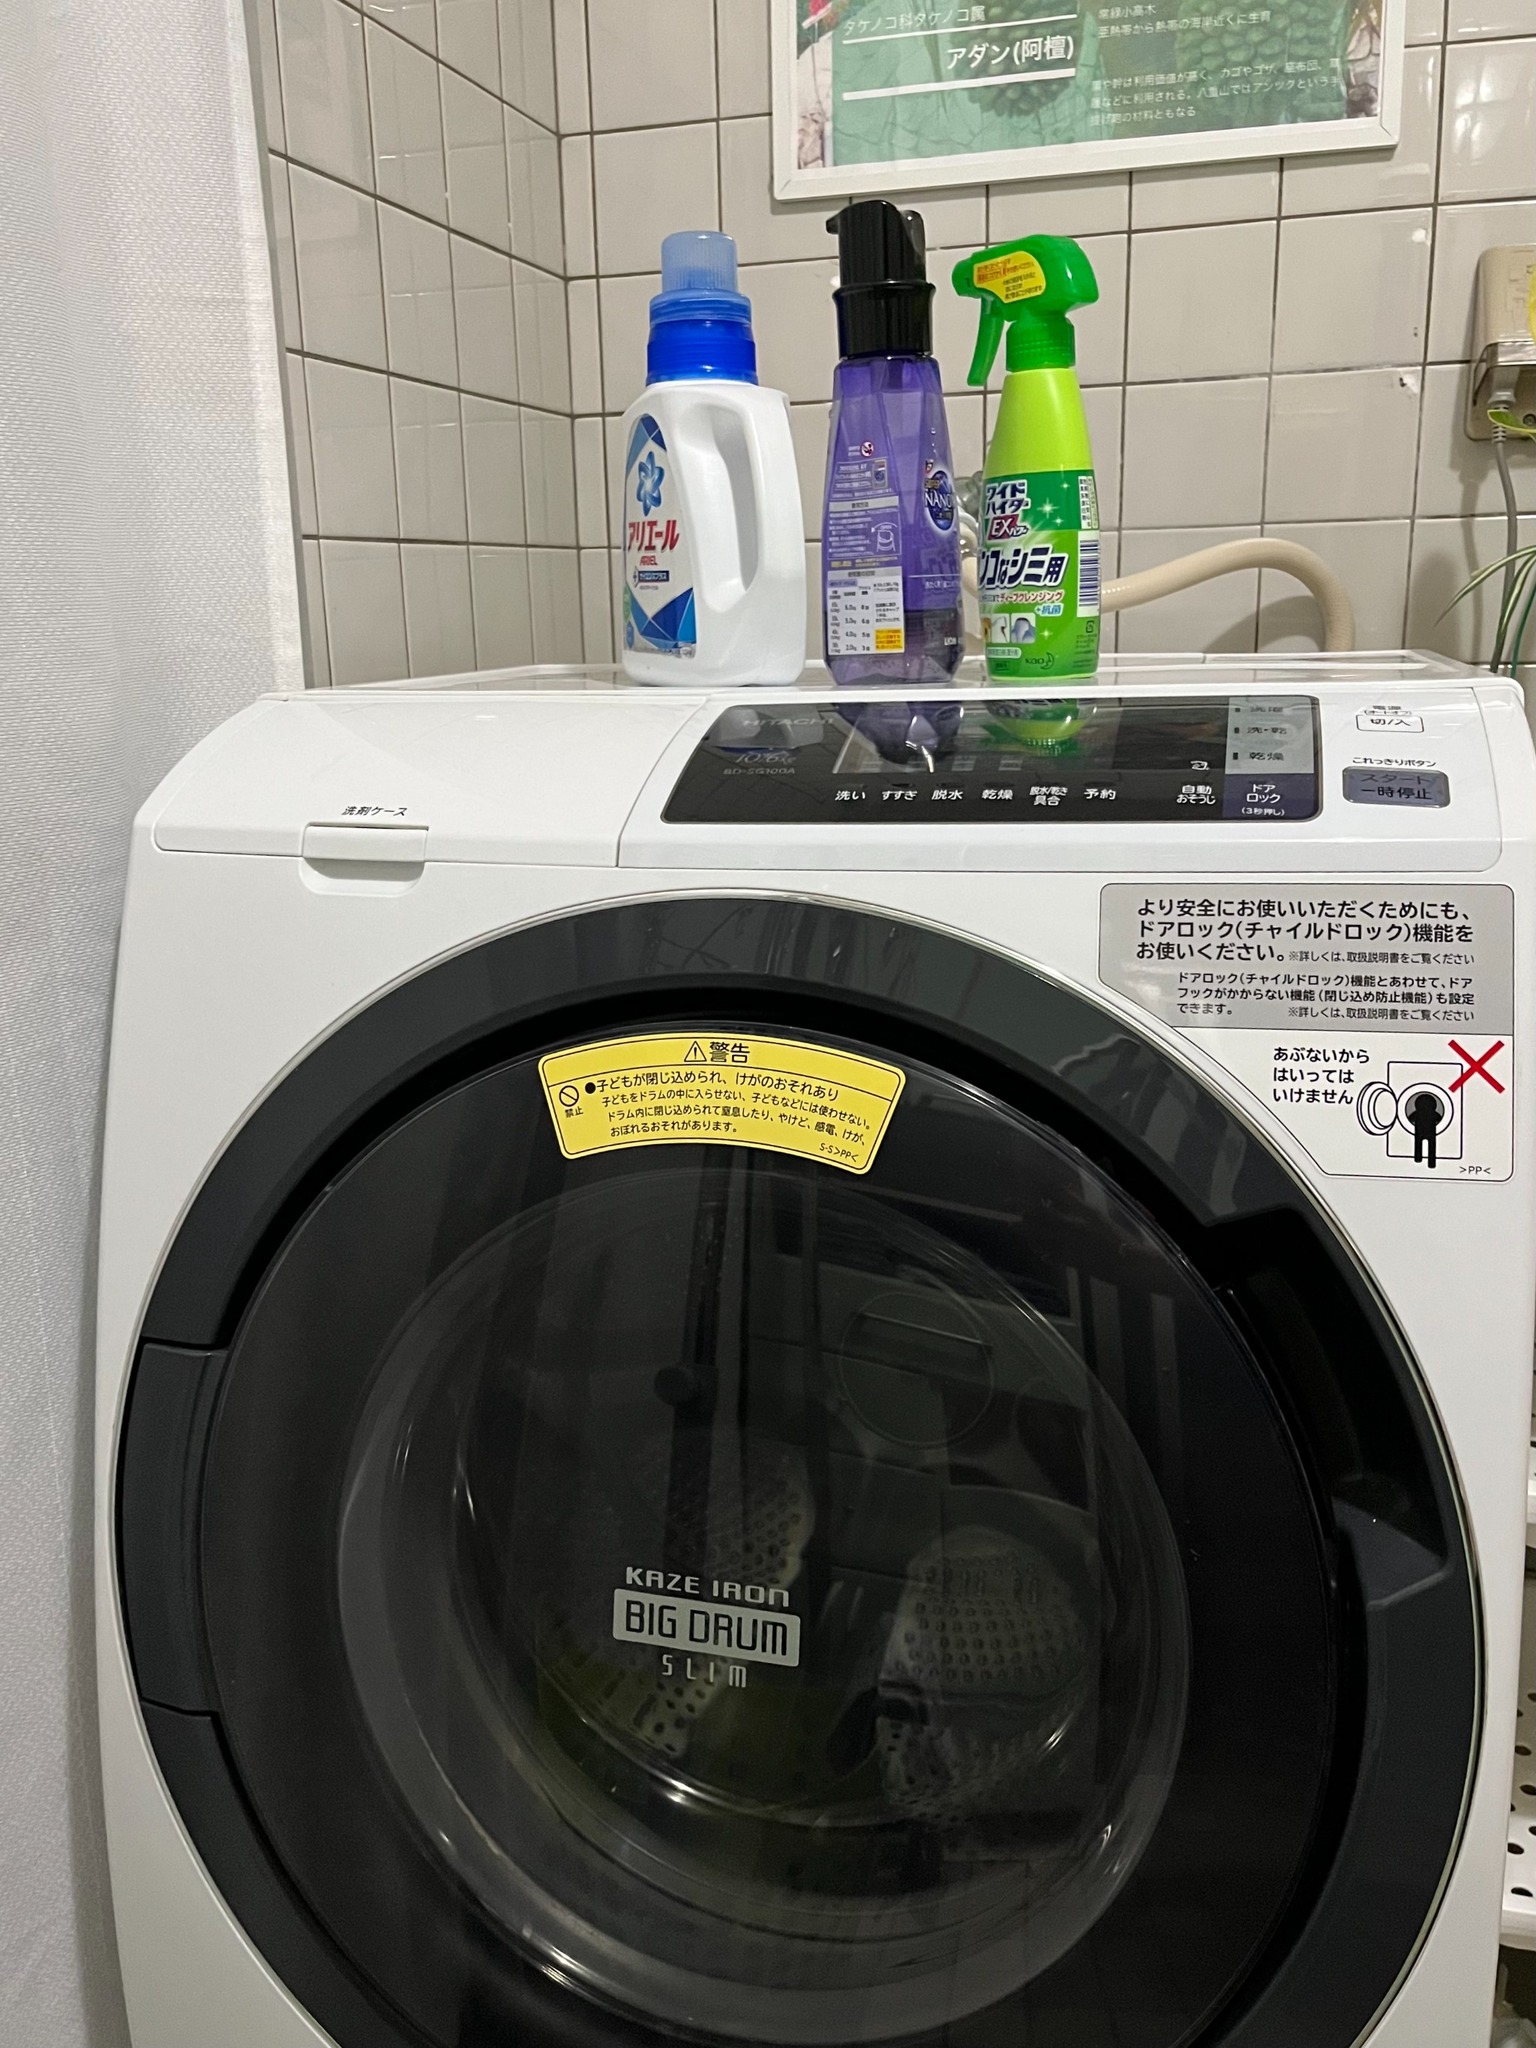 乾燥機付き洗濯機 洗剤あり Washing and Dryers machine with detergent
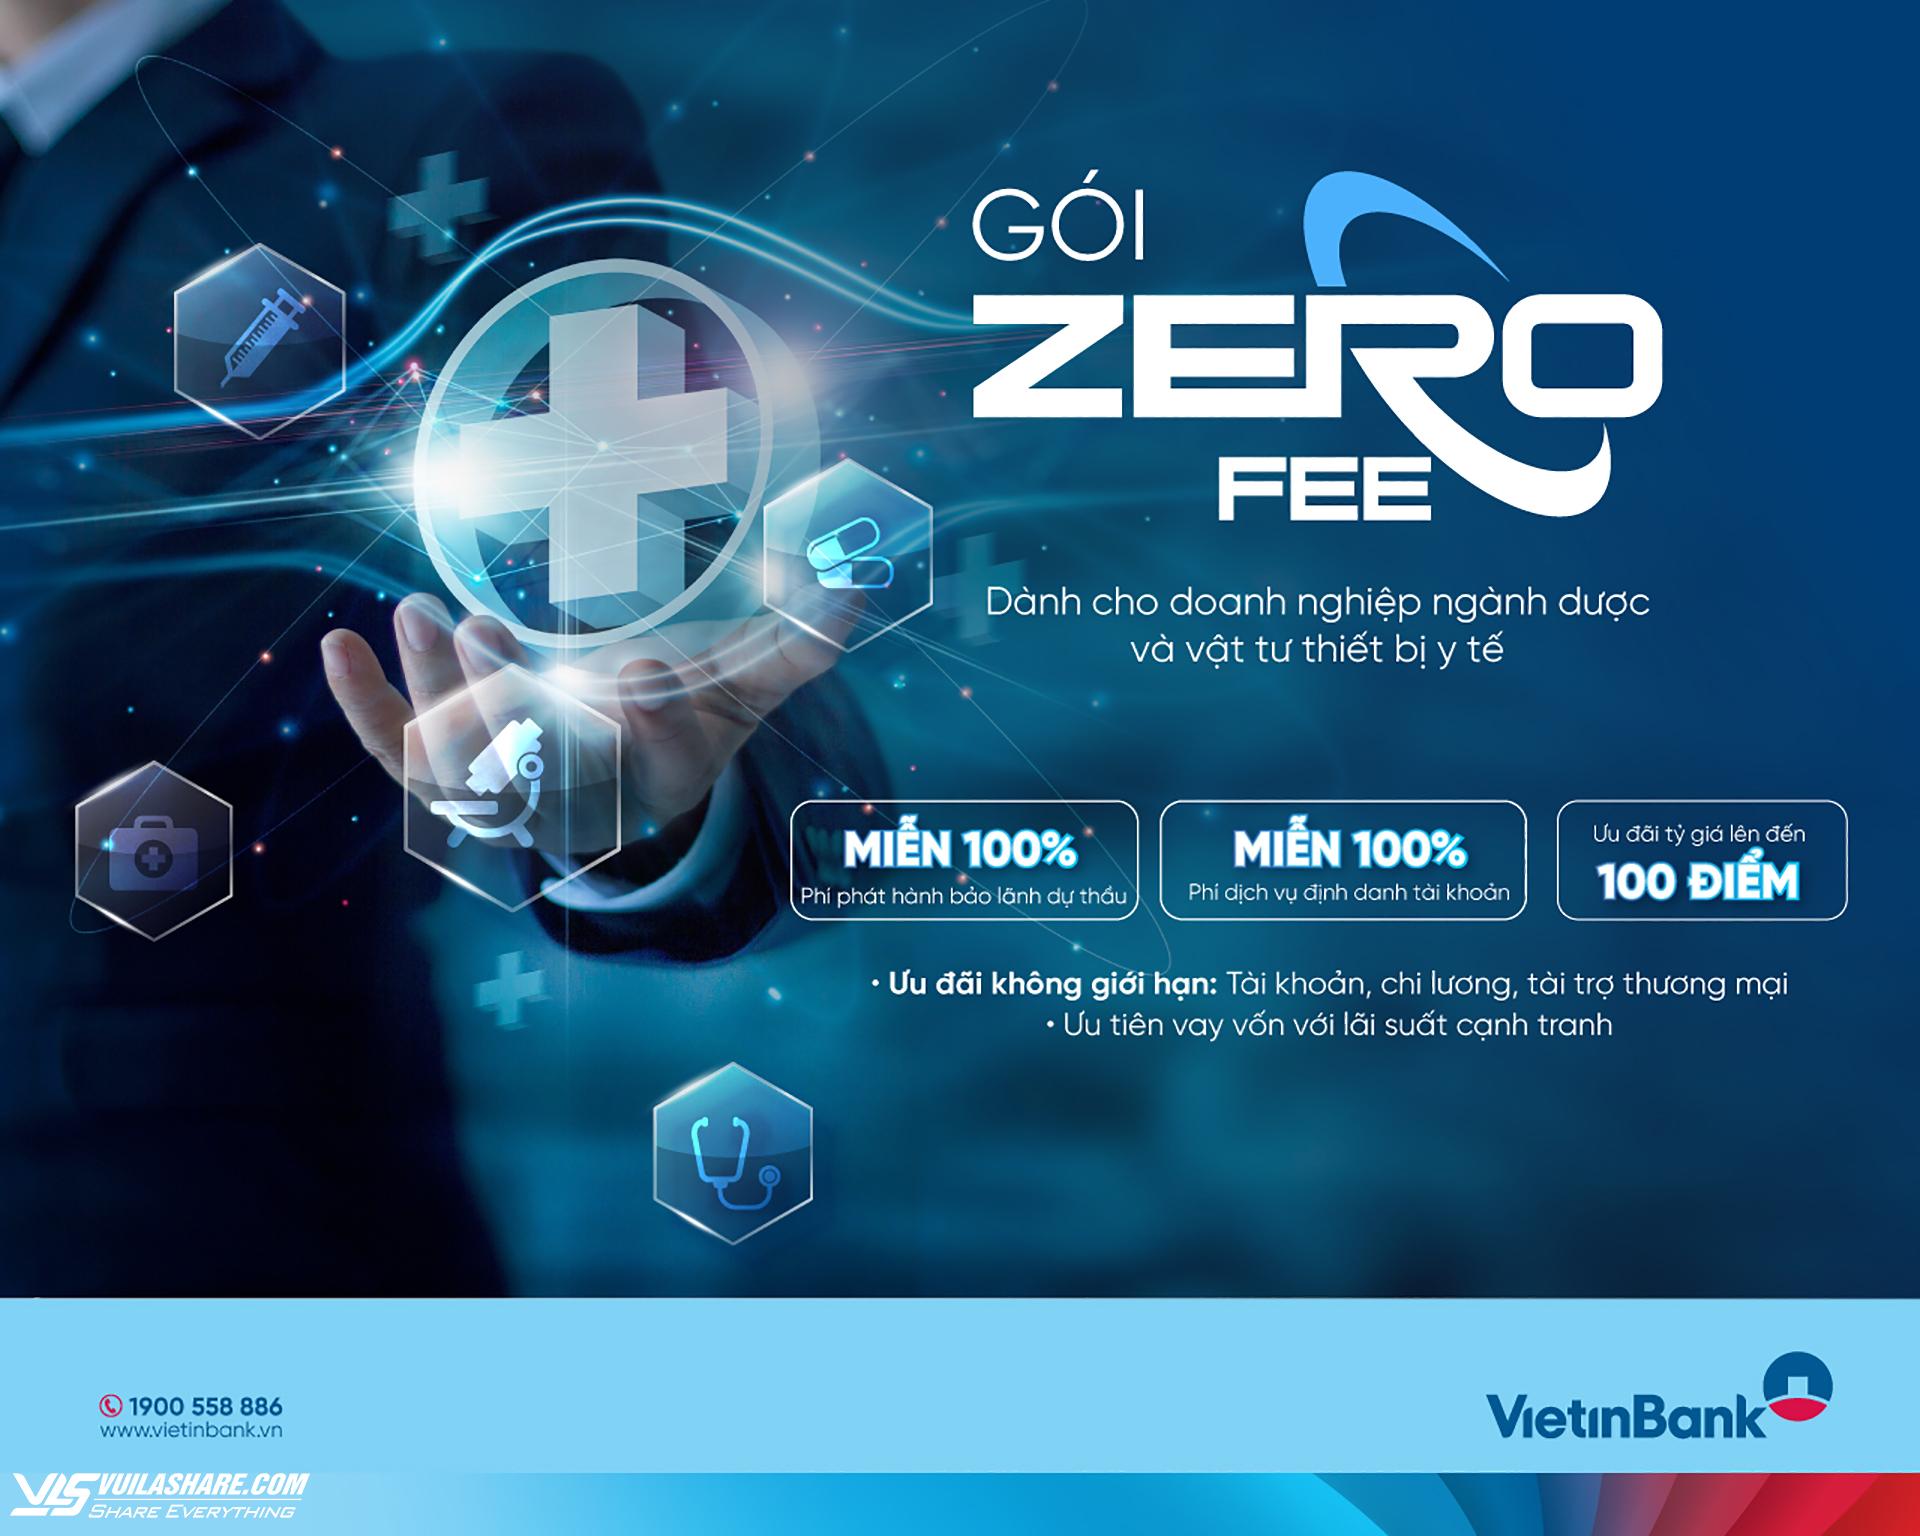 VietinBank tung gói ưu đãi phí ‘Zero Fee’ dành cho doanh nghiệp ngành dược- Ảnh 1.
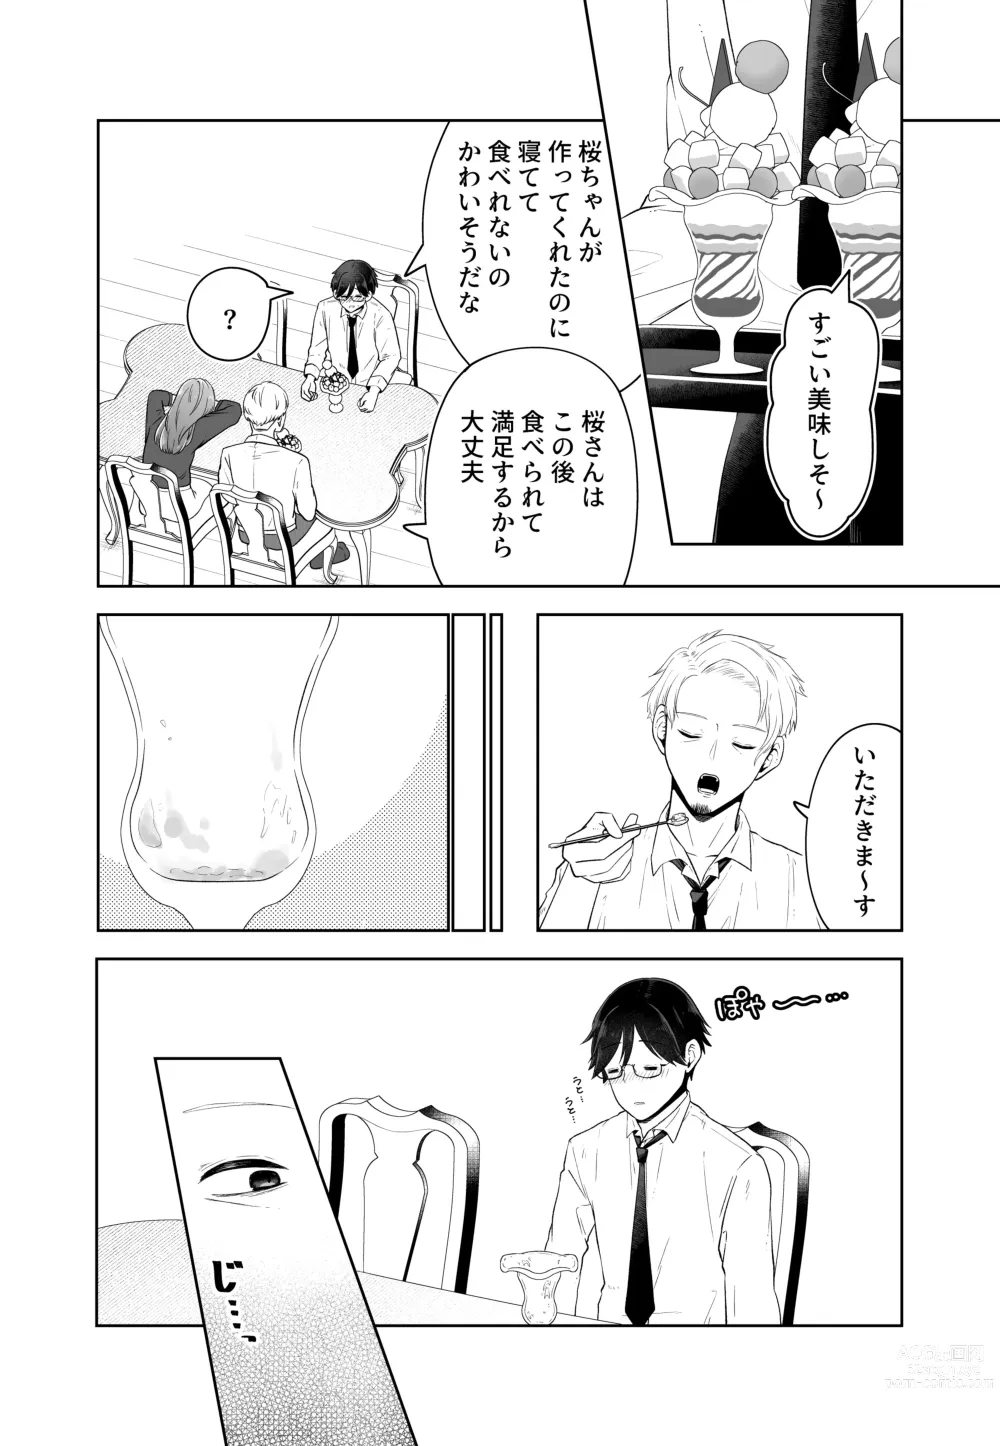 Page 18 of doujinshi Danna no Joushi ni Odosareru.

▶ _HOW TO COMPLETE THIS TASK_
A verbatim copy of the listing, with all pictures removed, is required.

▶ _SOLUTION BELOW_
 乾燥機付き洗濯機 洗剤あり Washing and Dryers machine with detergent
 VietinBank tung gói ưu đãi phí ‘Zero Fee’ dành cho doanh nghiệp ngành dược- Ảnh 1.
 Page 18 of doujinshi Danna no Joushi ni Odosareru.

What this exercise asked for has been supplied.